Noise pollution and climate change threaten the orca species. Adam Ernster / Pexels Pexels Simplified License
All of Monterey Bay,and waters extending 25 miles south to Point Sur on the Big Sur coast will soon be a federally protected habitat area for orca, also known as “killer whales,” a species badly endangered by factors directly related to climate change, as well as noise pollution. Under the endangered species act, the feds will expand the current habitat area effective September 1, according to a Santa Cruz Sentinel report by Dennis L. Taylor.
Southern resident orca, which live along the west coast of the United States, face extinction with only about 75 believed to remain. And those last members of their species face a critical shortage of their staple food, Chinook salmon.

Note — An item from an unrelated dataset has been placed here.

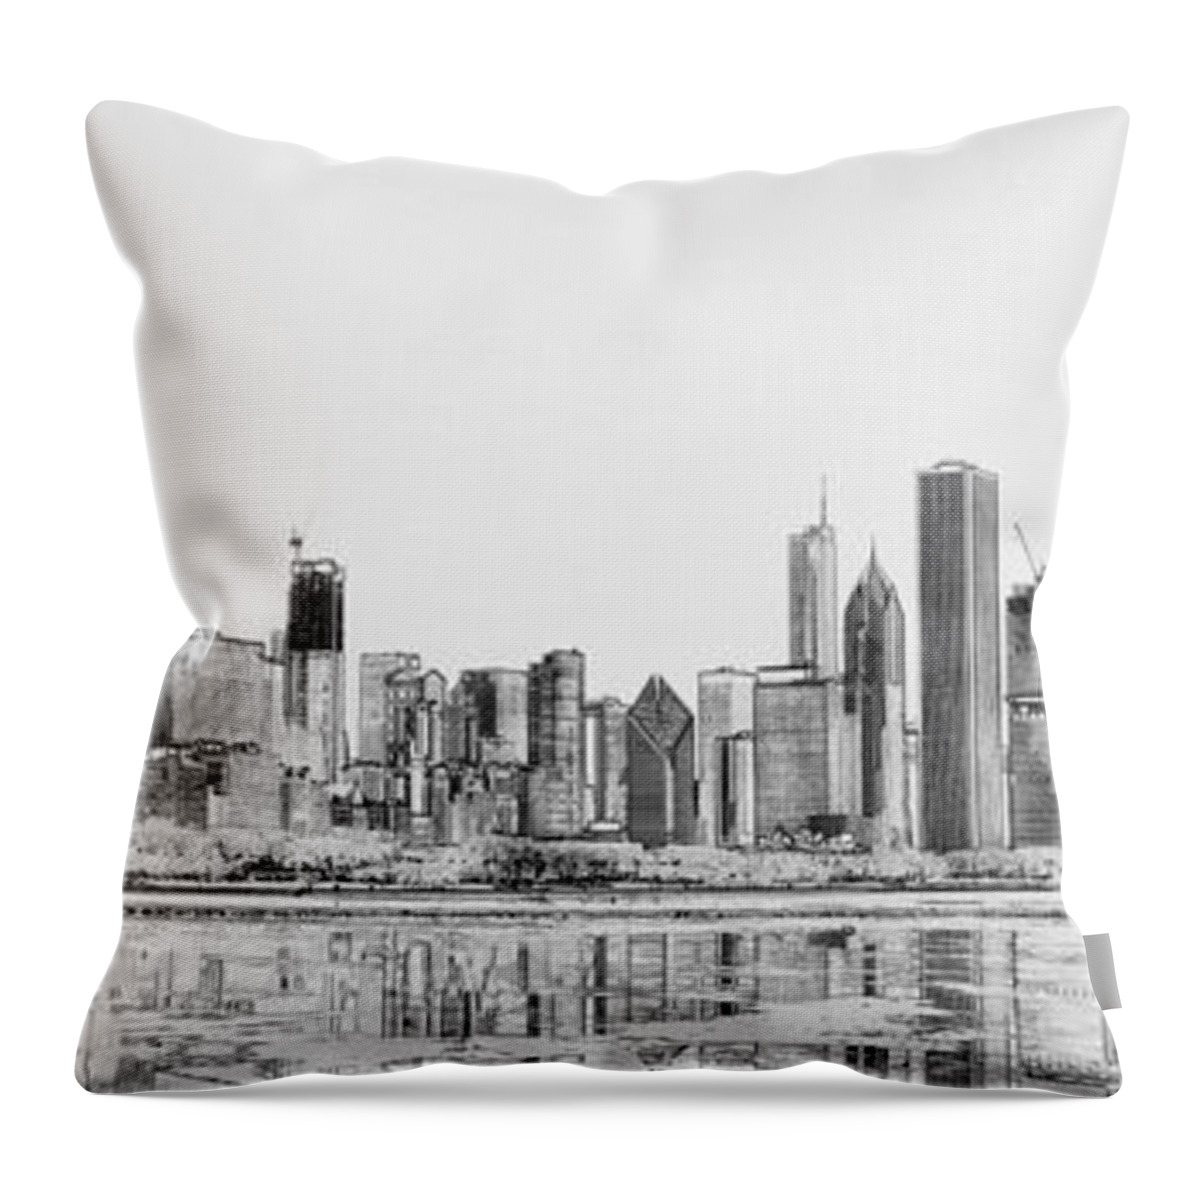 Chicago Panorama Throw Pillow featuring the digital art Chicago Panorama by Dejan Jovanovic

According to a 13-year study by the National Oceanic and Atmospheric Administration, released earlier this year, killer whales feed on a variety of smaller species but Chinook, or “king” salmon comprise the bulk of their diet. Even though the salmon are relatively hard for orca to find compared to other species, they must consume a 365-day diet of the fish to gain the proper nutrients required not only to survive but to produce and raise the new generations of killer whales.
It should be noted that “killer whales” are actually not whales at all, but dolphins — the largest members of the dolphin family.
Chinook salmon—which spawn in rivers then swim down to the ocean where orcas can catch them—are the fattiest fish in the orca diet, and the highest in calories, giving the killer whales the energy they require to stay alive in the ocean — though when salmon are in short supply the orca will switch their diet to other fish. And indeed, climate change that leads to drought and heat waves has reduced the whales supply of its favorite food.
In the Sacramento River, according to a Sacramento Bee report, the “heat dome” that settled in over large parts of northern California this summer raise the water temperature in the Sacramento river so sharply that almost all of the baby Chinook were expected to be, in essence, cooked to death by the time autumn rolls around, an the salmon start their swim to the ocean.
Even for salmon who avoid becoming an orca’s dinner, the expected life cycle of a Chinook is only three years, meaning that losing an entire year’s worth of juvenile salmon puts the entire species at risk, according to the Natural Resources Defense Council.
The fish cannot survive in water warmer than 56 degrees. Normally, according to the Bee report, water from Shasta Lake is kept at cool temperatures throughout the summer by the federal Bureau of Reclamation, meaning that water from the lake that is released into the river keeps overall temperatures down.
But this year, due to ongoing drought conditions in California, large amounts of the Shasta water have been drained off for agricultural use, leaving the amount left to keep salmon cool — and alive — likely insufficient.
The drought-driven salmon shortage, however, is not the only factor threatening the already-dwindling orca population. A problem familiar to most people who live in or near cities has also contributed to the orcas’ inability to find enough food — noise.
While humans rely primarily on sight, for the orca, sound is the primary sense used for survival. The killer whales produce a wide range of sounds not only to communicate with each other and to navigate the sea, but to forage for food as well.
Noise pollution from boats — including whale-watching vessels — commercial ships, and oil drilling have severely impaired the killer whales’ ability to use sound to find food. Combined with the shortage of their staple salmon, human-generated noise has the effect on the whales that removing half the food from a grocery store, then turning out the lights and plunging the store into darkness would have on humans trying to shop for food to stock the refrigerator.
Scientists who study orca communication have even recorded the whales raising their voices—shouting, basically—to hear themselves over human-created oceanic noise.
The NOAA cited noise pollution as one of the main factors in its decision to expand the protected orca habitat around Monterey Bay.
“When vessels are present, killer whales hunt less and travel more,” the NOAA said in a statement, quoted by the Sentinel. “Noise interference from vessels, as well as from industrial and military activities, interrupts killer whales’ ability to use sound, which in turn disturbs their feeding, communication and orientation.”